# Turn out your pockets



## oldmanLee (Dec 12, 2009)

Spent parts of this morning helping a kid that got jacked re-outfit,and was surprised that he had put basically EVERYTHING in his pack;and said pack was now gone.Got me to thinking how I've traveled,and how I carry things even when stationary.So I went thru my pockets ,seeing if I could have a chance in the event of a similar situation.I found the following: 15 blade Swiss Army knife,small three blade stockman knife,tiny dagger,Bic lighter,firesteel,trench glow lighter,4 silver half dollars,pipe,tobacco,rolled up piece of string,ID,pen,about $20 in current folding money and change,keyring with keys etc.,pair of vicegrip pliers,luck pieces.I think that this and the clothes I am wearing would do for at least about three days of fast travel,when combined with what I know.How about the rest of you folks?


----------



## yarn and glue (Dec 12, 2009)

I don't keep much in my pockets as I find it uncomfortably bulky, but I wear a utility belt (like batman!) with a variety of pouches, full of everything I could possibly need to survive.
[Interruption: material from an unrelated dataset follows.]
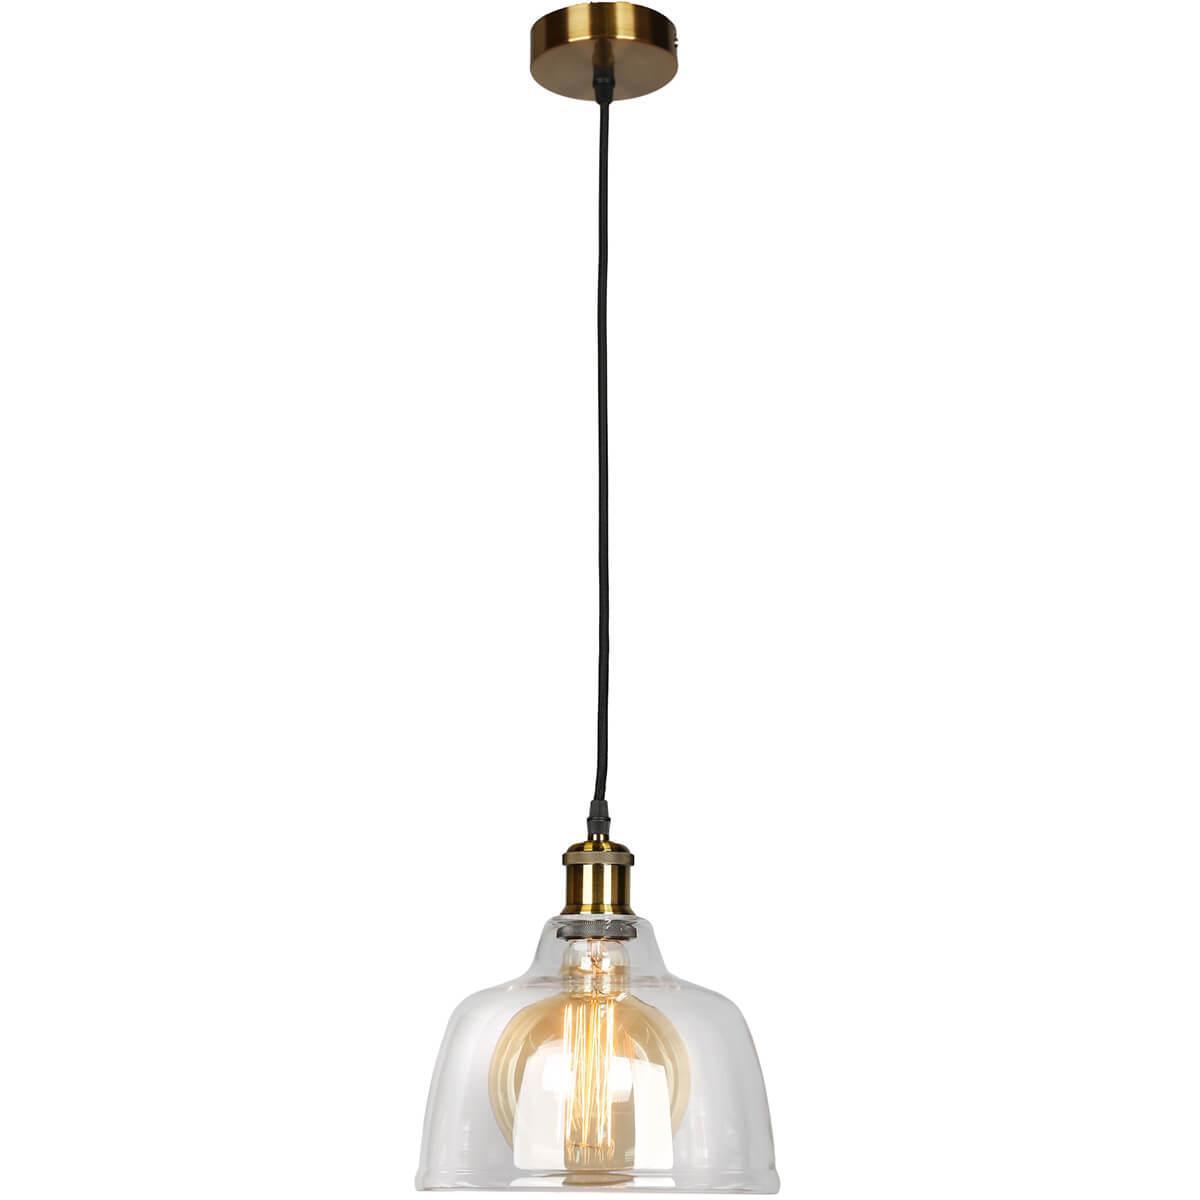 Подвесной светильник Omnilux OML-90906-01 светильник omnilux 909 oml 90906 01

Including lighters, change, multitool, compass, tobacco, and a spyglass. Huzzah!


----------



## menu (Dec 12, 2009)

I usually sew pockets on my pants. like cargo pockets from retired pants or just random pockets I find. I keep my knives and multi-tool on my belt. I do want to get one of those utility belts(like the surplus ones) so I can carry more survival tools on my person.(like that? cop lingo) in any event, Lee, thats a lot of stuff to have in your pockets. that must weigh a lot. Im gonna get you suspenders!!! haha. jk


----------



## oldmanLee (Dec 13, 2009)

Too late on the suspenders!After almost 30 years of working with mechanical systems,and seeing all the possible ways things fall apart,I'm a confirmed belt AND suspenders traveler!Nothing spoils the mood of thumbing as having your trou drop on an onramp,especially if you are going commando.............


----------



## bote (Dec 13, 2009)

the pantless hitcher, probably not a very viable technique. 
I have money and a knife on me at the moment. There´s other stuff on my belt, but it´s early and I´m still in tea and toast mode.


----------



## wartomods (Dec 13, 2009)

a knive, a lighter, some few coins i might have, and not much more i think


----------



## Komjaunimas (Dec 13, 2009)

A wallet with no money, multitool, swiss army knife, pocket change, and flashlight... not much


----------



## menu (Dec 13, 2009)

oldmanLee said:


> Too late on the suspenders!After almost 30 years of working with mechanical systems,and seeing all the possible ways things fall apart,I'm a confirmed belt AND suspenders traveler!Nothing spoils the mood of thumbing as having your trou drop on an onramp,especially if you are going commando.............



hahaha. damn. that would be a sad thing to happen. my problem is having my pants start to fall when Im trying to catch on the fly. no fun at all. bu thats another reason why I try to wear only bibs. especially when riding


----------



## wartomods (Dec 13, 2009)

thats why i wear punk rock jeans, ahaha, not really


----------



## finn (Dec 13, 2009)

Haha I guess I'm a gear hound, but keep in mind some of this is in pouches on my belt: knife, multitool, flashlight, bandannas, earplugs, pens, sharpies, needle and thread, knife sharpener, emt shears, mirror, bic lighter, trench lighter, paracord, backup mini light, and postage stamps.


----------



## menu (Dec 13, 2009)

finn said:


> Haha I guess I'm a gear hound, but keep in mind some of this is in pouches on my belt: knife, multitool, flashlight, bandannas, earplugs, pens, sharpies, needle and thread, knife sharpener, emt shears, mirror, bic lighter, trench lighter, paracord, backup mini light, and postage stamps.



damn!! you're set. who needs a pack eh? haha


----------



## wildboy860 (Dec 13, 2009)

usually I have on my person; letherman multi tool, pocket knife, bic lighter on a military paracrod lighter leash with a ton of duct tape wraped around it, a small amount of cord, paper towels, plastic grocery bags, a bandanna, permanent marker with duct tape wrapped around it, a pen, note pad, key light, saftey pins, hair elastics, pipe, weed, elastic bands around my wrist and weed bag, in my wallet; some $ rolling papers, 2 condoms, scapel blade in side matchbook, and kleen canteen water bottle in my back pocket, some sorta travel food, to munch on. all this is in my pockets or on my belt. I usually wear cargos so I can hold all this shit.


----------